In sum, the available evidence indicates that contributions to the Trust for the National Mall to fund the new White House ballroom meet the current disclosure requirements under section 203 and are obligated to be disclosed by all registrants who donate. Notably, although under different circumstances, multiple companies, including two–Facebook (Meta) and Comcast–that the White House disclosed as ballroom donors, have previously reported donations to the Trust for the National Mall in their lobbying contribution reports. So far, only Vantive has disclosed its contribution to the Trust for the National Mall in relation to the ballroom project.

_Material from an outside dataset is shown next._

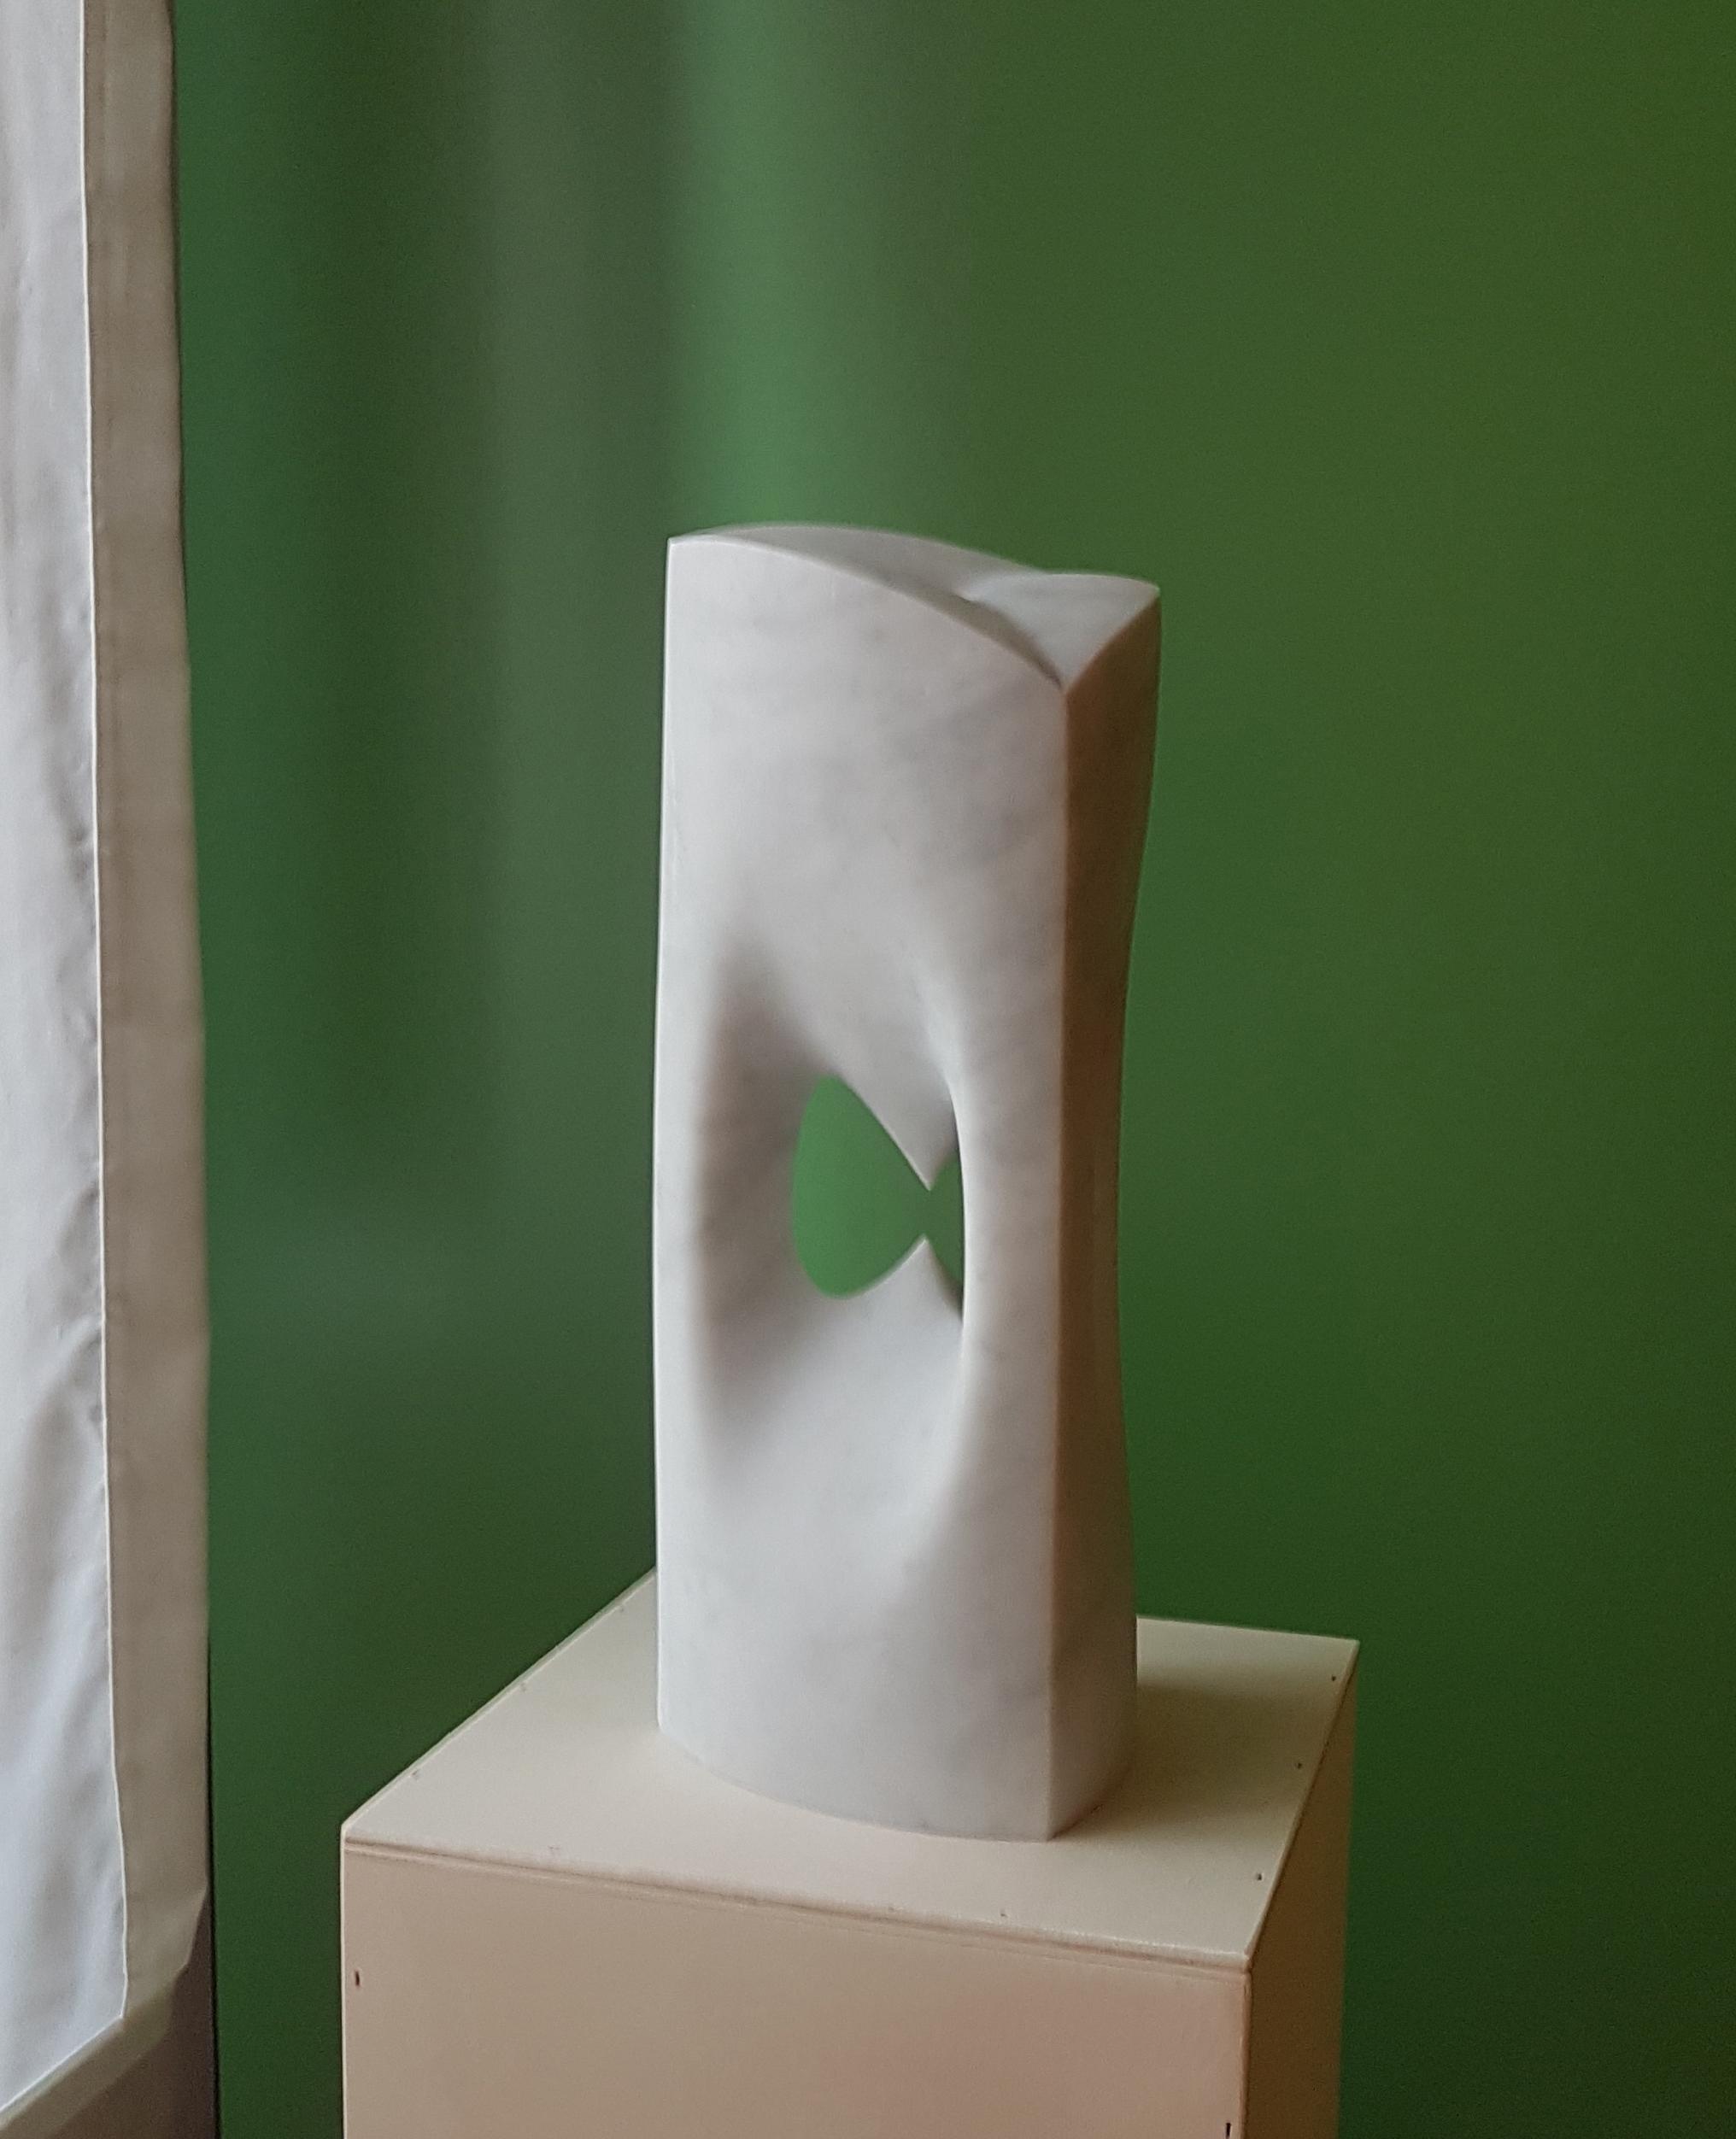 Clepsydra - h 45 cm  Carrara marble  2014
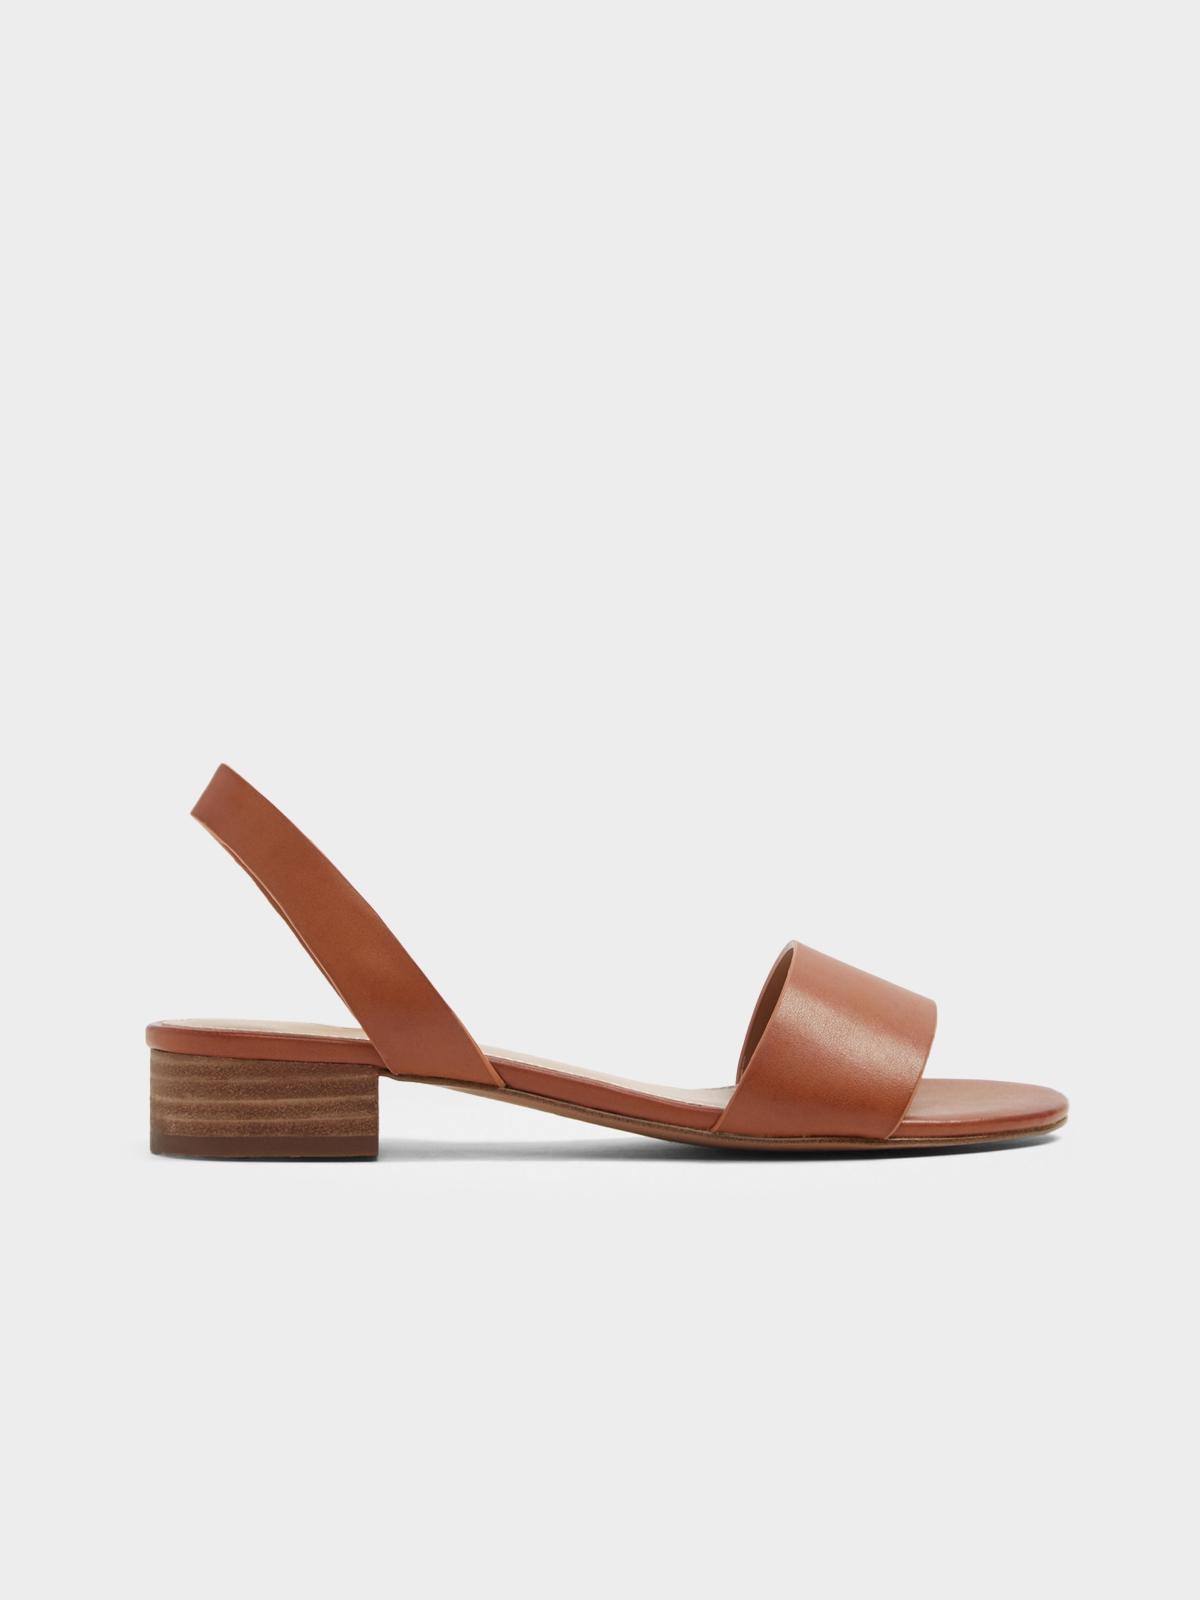 Aldo Candice Sandals Copper

Even if there is disagreement about whether the ballroom donations qualify under section 203, the contributions, which have sparked intense public interest and raise serious corruption concerns, clearly meet the spirit of the disclosure rules and the donors who otherwise file lobbying contribution reports should act as though they are required to be disclosed. In such a case, Congress should update the rules and guidance to make crystal clear that these types of contributions should be reported publicly.